Saturday, March 31, 2012

Nasty Crawdads

Boo had to run down, across the border, to Washington state to complete a couple of errands and he ran across some frozen crawfish. We haven't seen or had crawdads in years. We didn't even get to try any when we were in New Orleans last November as they were out of season. Excitement. Please. Things were looking great for a good old crawfish boil. So good, in fact, that we invited Mr. D. over for dinner since there was going to be plenty.

He might not have been so happy that he accepted the invite. Those bugs were bad!

Mr. D. did have fun picking a wine to bring along, however. He visited his pals at Marquis Wines and posed the old "what would you pair with ______" question. Apparently, they don't field a whole lot of requests for wines to match with a crawfish boil, but they picked a fresh Italian and Mr. D. hoped that it might even be a varietal that could be added to my Wine Century Club list.

1093. 2010 Terredora Falanghina (IGT Campania - Italy)

I took a look back at my Wine Century Club page and, lo and behold, Falanghina is not a listed varietal. I know we've had it before but maybe it was a minor part of a blend - or maybe I just missed it previously. In any event, we had a winner. Score one for Mr. D.

The Falanghina grape is among the oldest varietals cultivated in Italy. Some studies believe that it might have been grown in the region as early as the 7th century B.C. It thrives in the volcanic soils that are readily found in the areas that surround Vesuvius and Pompeii. It is also known for its bigger body and higher alcohol content - while still maintaining a good dose of acidity.

Located inland from Naples, Terredora is one of the largest wineries in Southern Italy. It was established in 1978, partly as an attempt to rediscover and restore the Campania region's winemaking tradition - especially the local grape varietals that were prevalent in the area, those grapes primarily being Aglianico, Fiano, Greco and Falanghina. To up the ante even further in terms of trying to build on the quality of the region's wines, as of 1994, the winery started only vinifying grapes that were grown on their estate vineyards.

Mr. D's find was much better than Boo's. The rest of the boil - like corn and sausage - were fine, but the crawdads were just nasty. Whether it was because they'd been frozen or whether it was residual flavour from the BP oil spill in the Gulf, we struggled mightily to get through dinner.

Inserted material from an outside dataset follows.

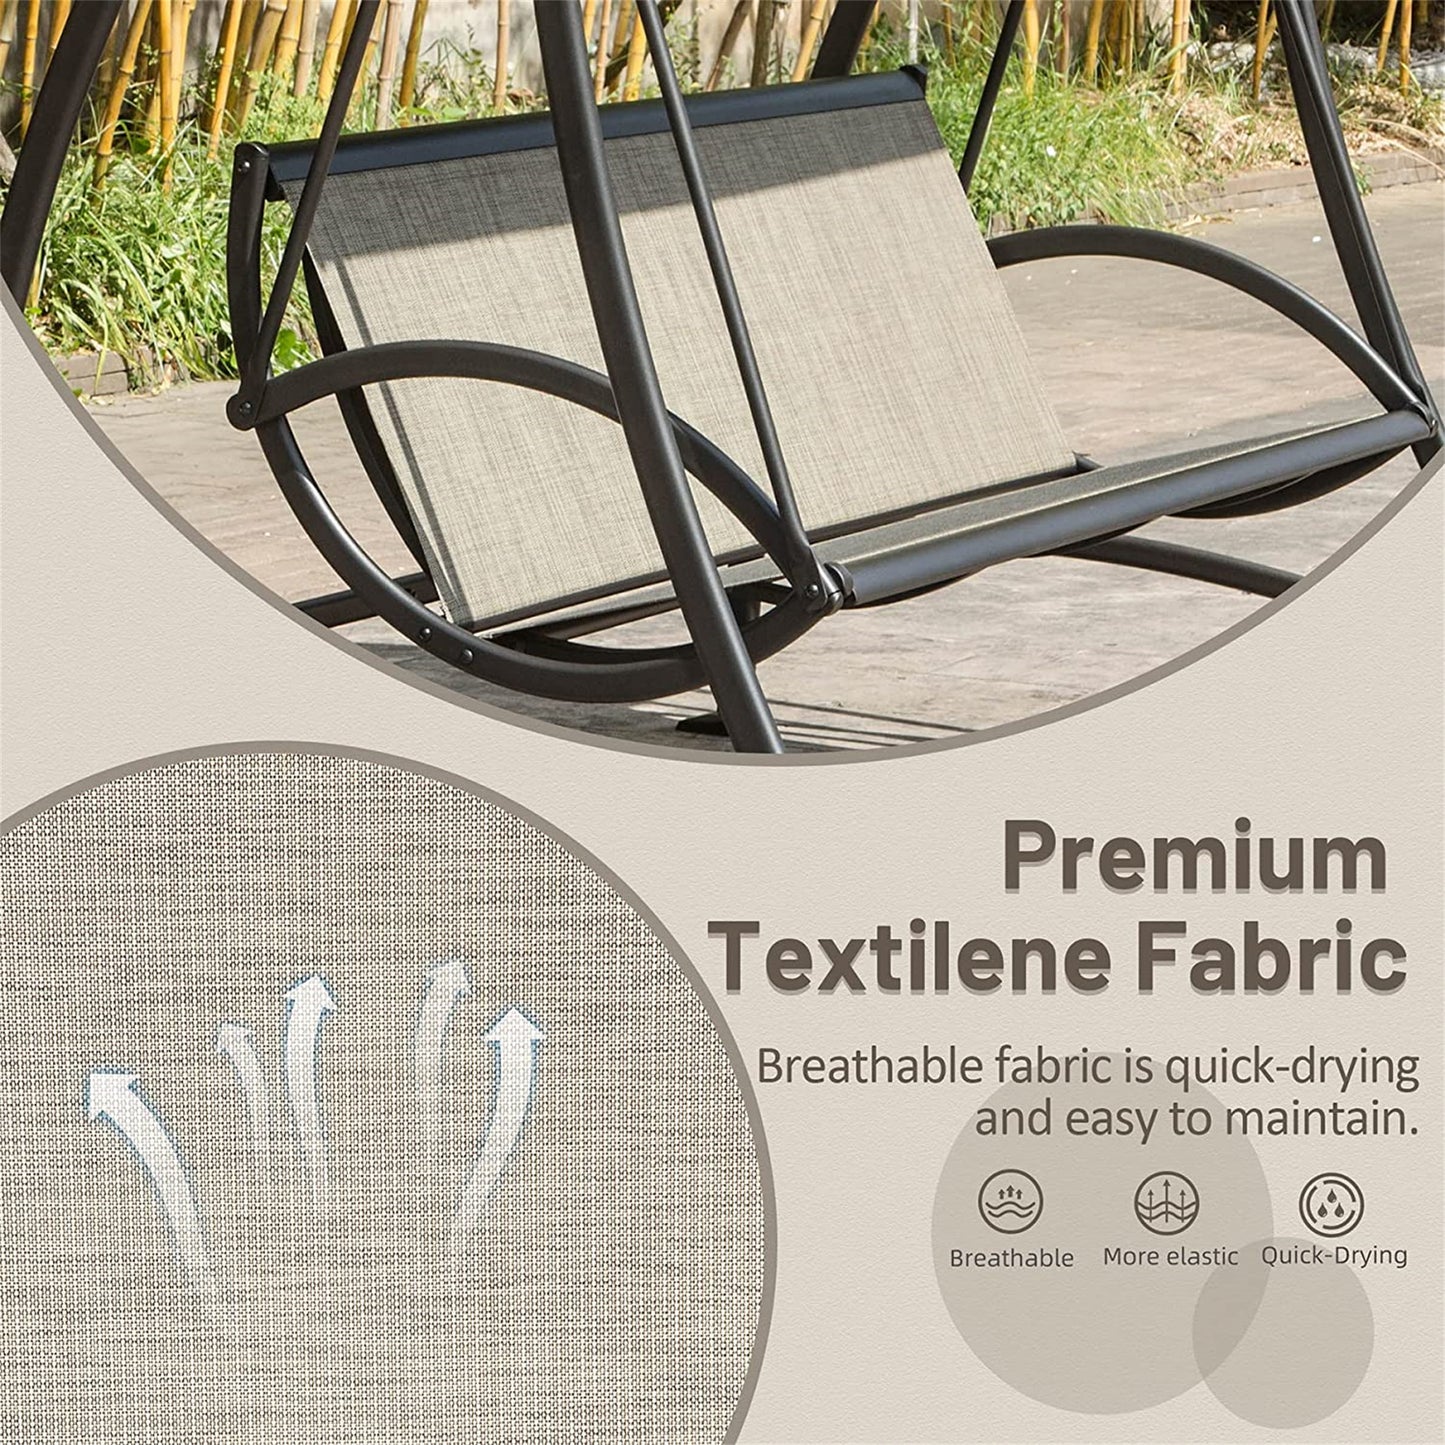 2-Seat Patio Chair, Outdoor Porch Swing, Adjustable Canopy

It did mean we took a sip of wine after every bite of crawfish though. That, in turn, quickly meant we needed a second bottle.

2009 La Frenz Viognier (Naramata Bench - Okanagan Valley)

The La Frenz was a bit more of known quantity than the Falanghina was; indeed, to the extent this is this vintage of Viognier was already added to The List a couple of months ago and, therefore, can't be added again. The Viognier was an interesting contrast to Italian drop though, particularly in that the La Frenz still had some hefty acidity to it. I often find the acid to be negligible on Viognier when the grapes are ripen enough to deliver the bigger body and flavours that the varietal is generally known for.

Jeff Martin, La Frenz's owner/winemaker, is well known for his Viognier though and it's always welcome at our table. No doubt, this won't be the final bottle to be seen on this blog - whether I'm adding it to The List or not.

In the mean time, I guess I'll just have to be content with adding the Falanghina to both The List and my tally of varietals for the Wine Century Club - and with the knowledge that our local Spot Prawn season isn't that far off. That should help get over the disappointing crawdads.